It’s fun and it rhymes, but what does it mean really to say that “pills don’t build skills”? It sounds kind of harsh, but it’s the reality of our situation. If you’re taking it, the medication can make a huge difference, but there may be times in our lives where we either can’t take it, or it’s not enough, or you may choose to go the non-medicated route. That’s why we need skill building.
It’s important to understand where we feel we are deficient, as well as whether those deficiencies negatively impact our lives. Then, we can pinpoint what skill is missing and make a plan to strengthen our abilities!
If you’re anything like me, as soon as you identify a skill you want to work on, you are ready to jump in right away. That ADHD hyper-fixation kicks in and you want to drop everything to focus on your new “thing”.
The enthusiasm is great! Hold on to it! But diving in without a plan means you’ll either set yourself up to fail, or lose steam after a few days and forget all about it while you move on to the next thing.
If you really want to work on a skill and make it stick, you can follow these steps:
- Take a deep breath
- Write it down
- Schedule it
- Map it out
- Practice daily
Follow below for a deep dive into each step!
Step 1: Take a Deep Breath
Easier said than done right? But the pause is key. You might be in the middle of a meeting at work, or doing the dishes, or walking the dog, or any activity that requires your focus too.
Take that deep breath, try to calm your thoughts and recognize that while you’ve had an idea, you will not implode if you don’t immediately get moving on it. If you need to say it to yourself out loud, do it! Talking to yourself out loud can actually help reinforce your thoughts.
Meditation can help tremendously with this kind of mindfulness. Keep an eye out for a post on meditation soon!
Step 2: Write it Down
The small act of writing something down can make you feel like you’ve already gotten started. I recommend keeping a notepad within reach at all times, since our ADHD brains are constantly on overdrive and these ideas can strike at any moment.

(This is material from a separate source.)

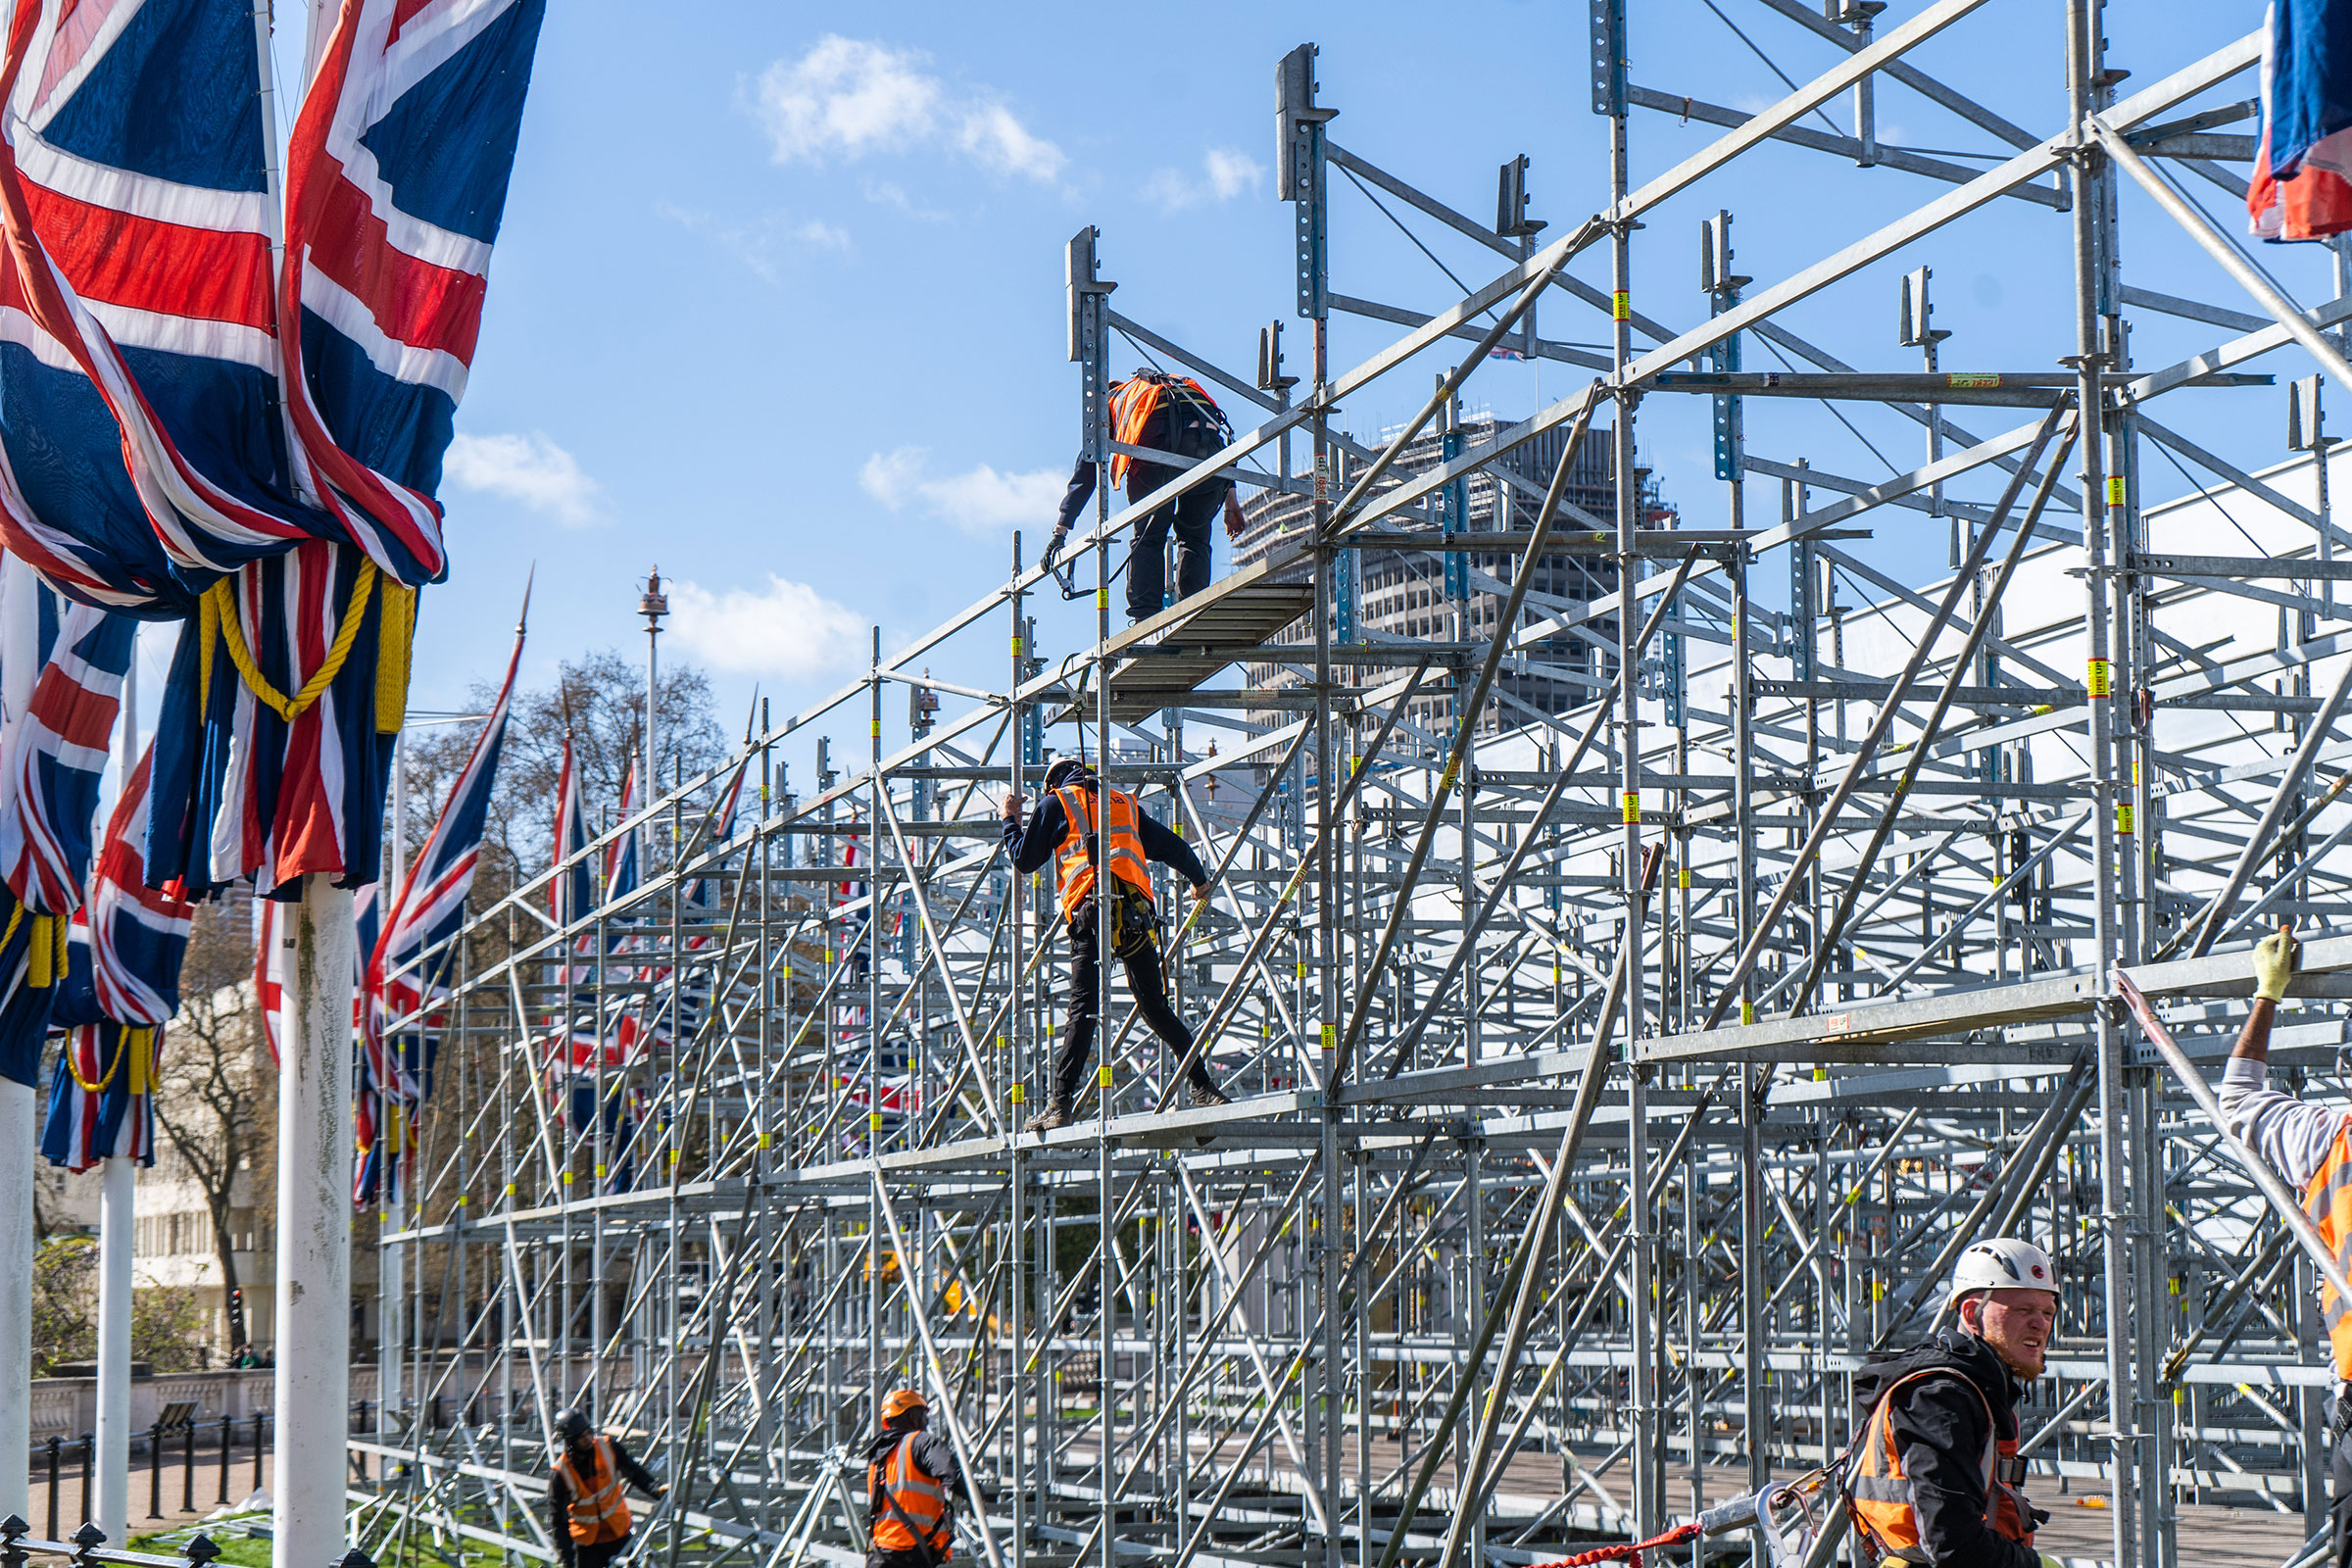 Workers build a viewing grandstand opposite Buckingham Palace on April 13. (Amer Ghazzal—Shutterstock)

I keep a notepad at my desk, by my nightstand, and in the kitchen because those are the areas in which I spend the majority of my time.
Step 3: Schedule It
Schedule time to work on it, as soon as you think of it. Don’t fall into the trap of assuming you’ll remember at a more convenient time.

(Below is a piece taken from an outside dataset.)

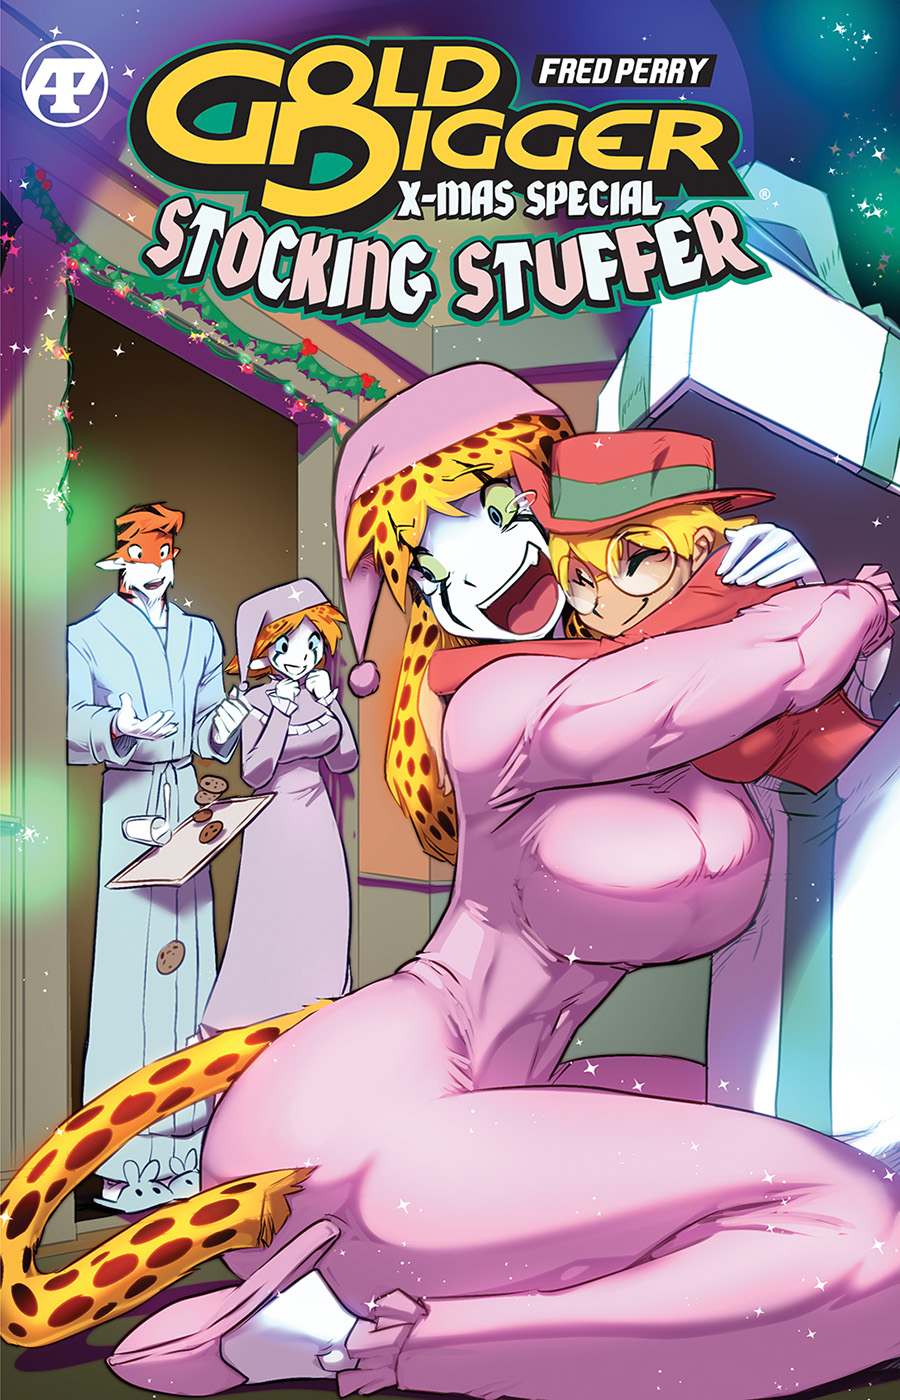 Gold Digger X-Mas Special Stocking Stuffer #1 (One Shot)

If you keep a physical planner, write down time later in the day or week to flesh out the skill building activities and plan. If you use your phone, put in a calendar item or a task with a specific date and time.
Your future self will thank you!
Alternatively, you can have a weekly time you dedicate to working on all your ideas, and consider this one to add to the list. You can’t control creativity and when the ideas will flow, but you can schedule time to make more detailed plans.
Step 4: Map It Out
This just keeps getting harder and harder doesn’t it? First, you need to switch off your overactive brain, then put aside your brilliant idea, and then make a plan?! Yet, I promise the up-front frustration you experience will far outweigh the future frustration of never feeling like you’re improving.
Delayed gratification may not be your strong suit (maybe it’s a skill to work on!), so say this out loud if you need to – “I will make a plan and follow it because it’s more likely to lead to success”.
Then, write down your plan! Consider the following questions:
- Where do I struggle today?
- How does it affect my social life/work life/relationship(s)/self-view?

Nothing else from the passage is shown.